Right now I'm thinking if something ever happened to my husband, I would want to stay living in our home although I would be alone.  I don't think I would want another woman to live with me for company or financial reasons, but I don't know how I'll feel in the future and I try to 'never say never'.  More here.  



> Picture it: A hit 1980s sitcom  in which four senior women share a home in Miami. Hilarity ensues, and  the world falls for "The Golden Girls." But more than just a beloved  television show, the concept on which their wise and friend-first  adventures were built is becoming a more common arrangement for regular  people to age in place and get the most out of their later years with  friends by their side.
> 
> Senior  or elderly co-housing "isn't a new concept," says Sue Johansen, vice  president of partner services with A Place for Mom, a senior referral  service based in Seattle. "But what is new is that people are trying to  explore it in different ways. What we're seeing today is that seniors  are wanting to stay in their homes longer," with two primary reasons  driving that move: socialization and cost-sharing.
> 
> ...


----------



## Marie5656 (Jan 1, 2019)

*
That is something I have considered myself. My attempts at having housemates here years ago were not good experiences. Not sure I am up to doing it again. 

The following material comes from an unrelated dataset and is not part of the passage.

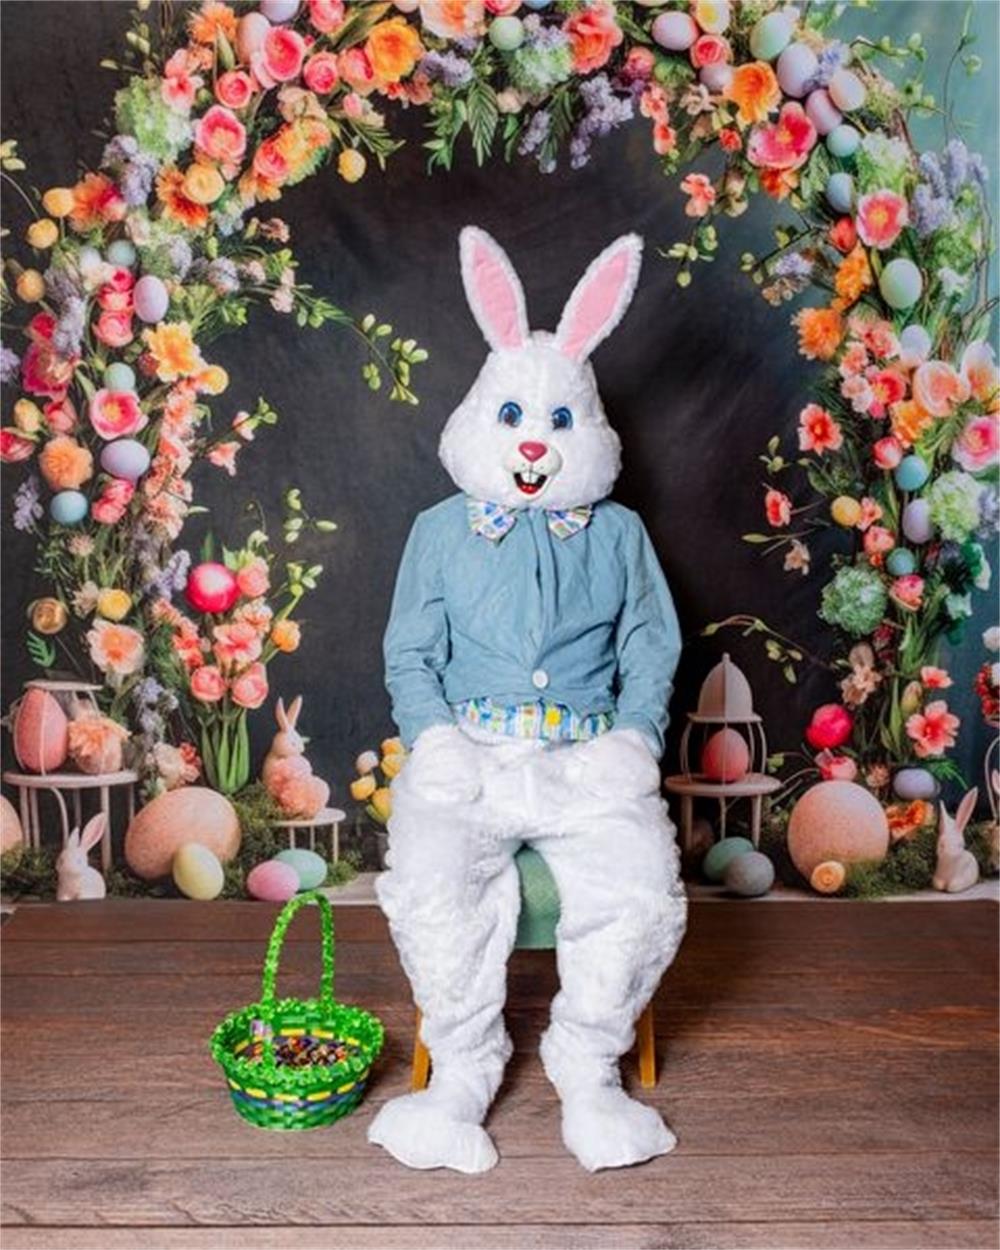 Kate Easter Eggs Bunny Colorful Flowers Arch Backdrop Designed by Lidia Redekopp

But if I were alone, I am not sure it would be financially feasible for me to stay alone. It is a tough decision to make. I have a friend, about 10 years younger than me who has a nice, ranch style home. She broached the subject of my moving there if I were ever alone. 
We have known each other about 30 years. I would be afraid of it not working out and I would hate to hurt our friendship. 
I am anxious to hear what others say*


----------



## SeaBreeze (Jan 2, 2019)

Marie5656 said:


> *
> But if I were alone, I am not sure it would be financially feasible for me to stay alone. It is a tough decision to make. I have a friend, about 10 years younger than me who has a nice, ranch style home. She broached the subject of my moving there if I were ever alone.
> 
> We have known each other about 30 years. I would be afraid of it not working out and I would hate to hurt our friendship.
> I am anxious to hear what others say*



Marie, our house is ranch style and that's one of the reasons I would like to stay here as long as possible, or until the end.  There's only one staircase that leads to the finished basement and laundry room, and it's narrow with banister (and wall) on one side and wall on the other, so it's pretty secure to go up and down.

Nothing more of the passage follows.